Peter MacKay and Erin O’Toole have split the Conservative caucus almost evenly between them, with most MPs endorsing one or the other for the party leadership.
But political allegiance isn’t the only thing dividing them. The endorsements also suggest a generation gap between the two candidates.
Ahead of Thursday’s English-language debate, MacKay and O’Toole were running almost tied in caucus endorsements.
MacKay, a former cabinet minister and the last leader of the Progressive Conservative Party before it merged with the Canadian Alliance in 2003 to form the modern Conservative Party, had received the backing of 43 Conservative MPs.
O’Toole, an Ontario MP who was briefly a cabinet minister in Stephen Harper’s last term in office, had the endorsement of 36 MPs.
Leslyn Lewis, a lawyer from Toronto who ran unsuccessfully for the party in the 2015 federal election, has the backing of six MPs while Derek Sloan, a rookie Ontario MP, has not received a single caucus endorsement.
Regional, gender splits
There are some notable regional variations in the endorsements MacKay, O’Toole and Lewis have received.
Compared to the makeup of the Conservative caucus in the House of Commons, those endorsing MacKay are disproportionately from Ontario and Quebec. O’Toole’s are disproportionately from Western Canada, while half of Lewis’s caucus supporters are Saskatchewan MPs.

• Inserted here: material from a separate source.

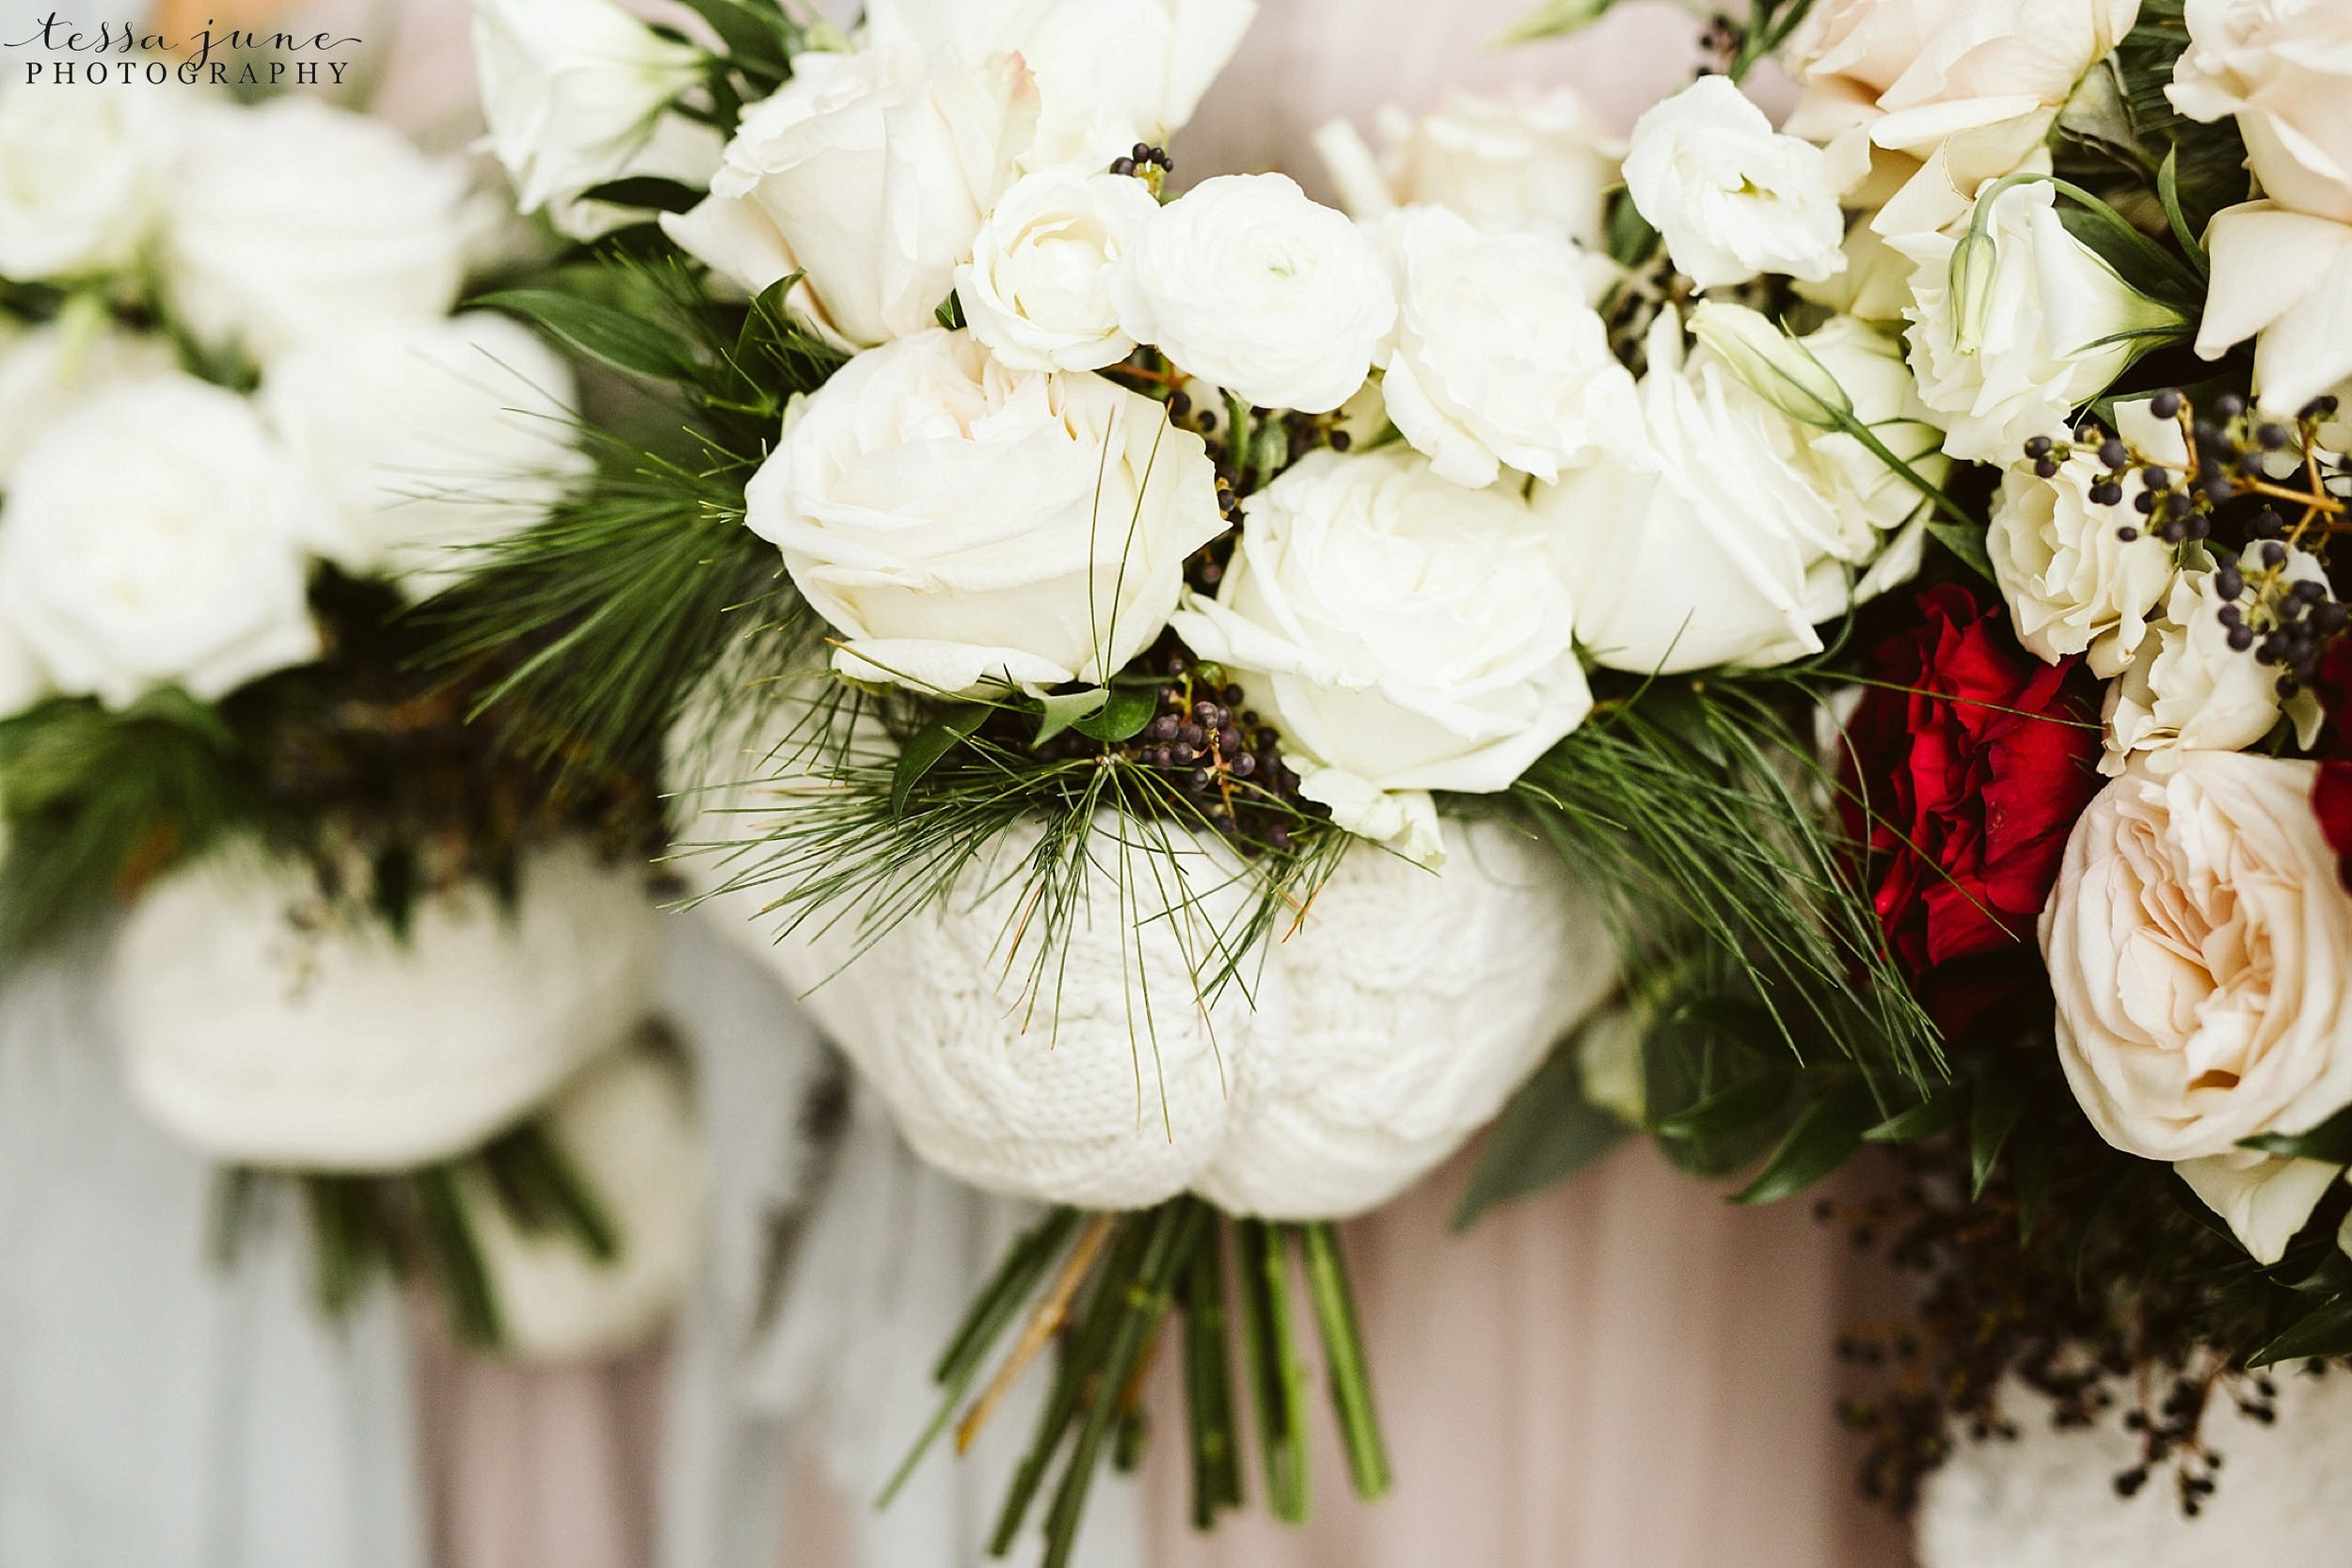 minneapolis-event-center-winter-romantic-snow-wedding-december-113.jpg

Four female MPs have endorsed MacKay, while three have endorsed Lewis and five have backed O’Toole. There are 22 female Conservative MPs in the House, representing 18 per cent of the party’s caucus. Only Lewis has drawn more than 18 per cent of her endorsements from female Conservative MPs.
Some interesting patterns emerge also when you look at who Conservatives endorsed in the 2017 leadership race, which saw O’Toole finish third behind Andrew Scheer and Maxime Bernier.
Most of MacKay’s caucus supporters endorsed someone in the 2017 leadership race. Nearly half of them backed either Scheer or O’Toole, while a smattering endorsed other candidates like Bernier or Lisa Raitt. About a third didn’t endorse anyone.
Most of O’Toole’s current caucus endorsements come from MPs who didn’t back a horse in 2017. In fact, O’Toole actually trails MacKay in caucus endorsements among those who endorsed O’Toole in the last race.
Four of Lewis’s six endorsements also come from people who did not publicly endorse anyone in 2017.
This is one indication of the demographic divide between MacKay, O’Toole and Lewis — which exists in part because a lot of the parliamentarians lining up behind O’Toole and Lewis now weren’t MPs three years ago.
Youth vs. experience
“I am the leader for the future,” he said. “Mr. MacKay was the leader of the Progressive Conservative Party 17 years ago. We need a leader for the future, not for the past.”
To support that claim, O’Toole said that he has the backing of “all the MPs under the age of 35.”
That’s not quite right — two of Lewis’s supporters are in their early 30s — but O’Toole does have a younger cohort of supporters than MacKay does.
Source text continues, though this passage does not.